И только теперь я отдаю дань светлой памяти отца. Всю свою жизнь, от молодости до пенсии, он посвятил пашне, хлебу; вся она, по дням и неделям, расплескана по полям, которые тогда и называли по количеству гектаров: «триста десять», «двести тридцать».

Прямой, честный, трудолюбивый, таким отца знают в нашей деревне. Таким его помнят и любят до сих пор. И эти эпитеты, я думаю, применимы к большинству людей его поколения; поколения, которое, к сожалению, уже ушло; поколения, которое было лучше, тверже, благородней нас.
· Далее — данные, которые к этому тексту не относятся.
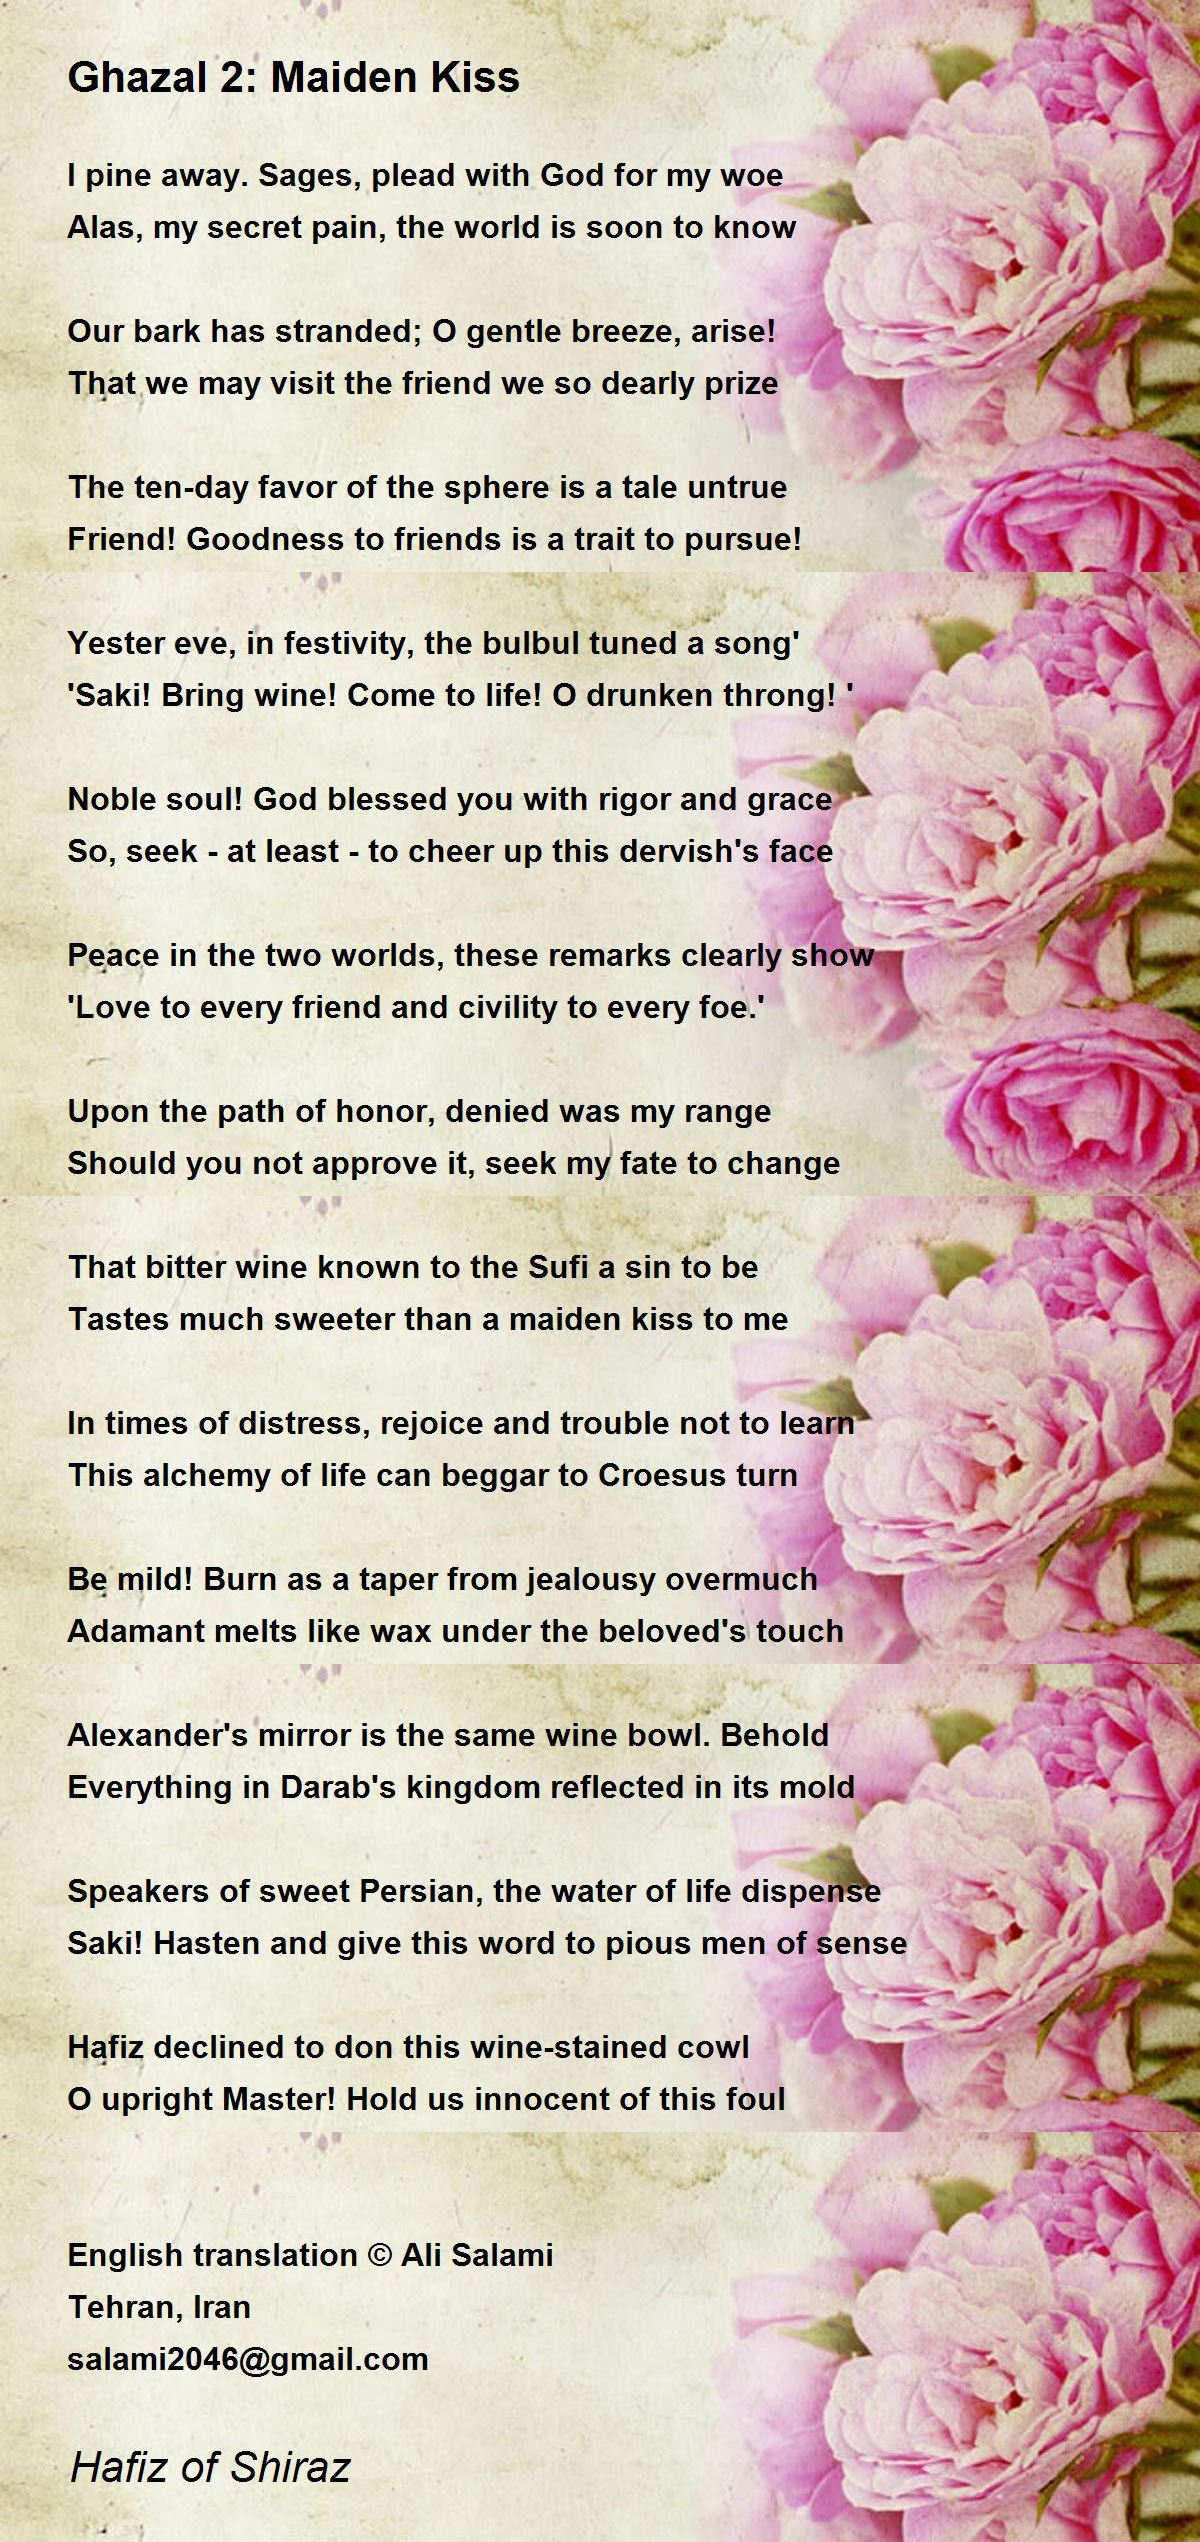 Ghazal 2: Maiden Kiss - Ghazal 2: Maiden Kiss Poem by Hafiz of Shiraz
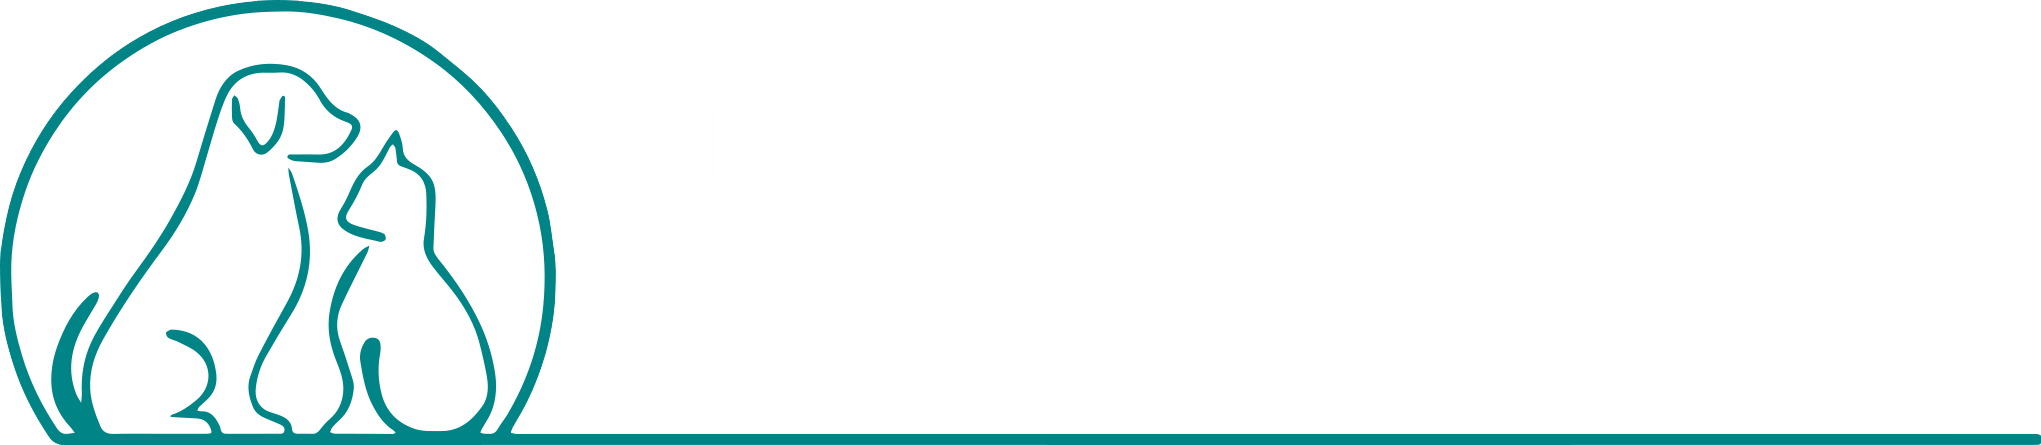 Logo Image for Blaine Central Veterinary Clinic

Не за медалями, деньгами, титулами ринулись они на целину.

Они, на себе испытавшие голодное военное и послевоенное время, пошли выращивать хлеб, чтобы накормить всех, чтобы больше не было голодных, черт возьми!

Именно они сделали Казахстан мировой хлебной державой. Честь им и Память!

Кого только не было в нашем совхозе: русские, казахи, украинцы, немцы.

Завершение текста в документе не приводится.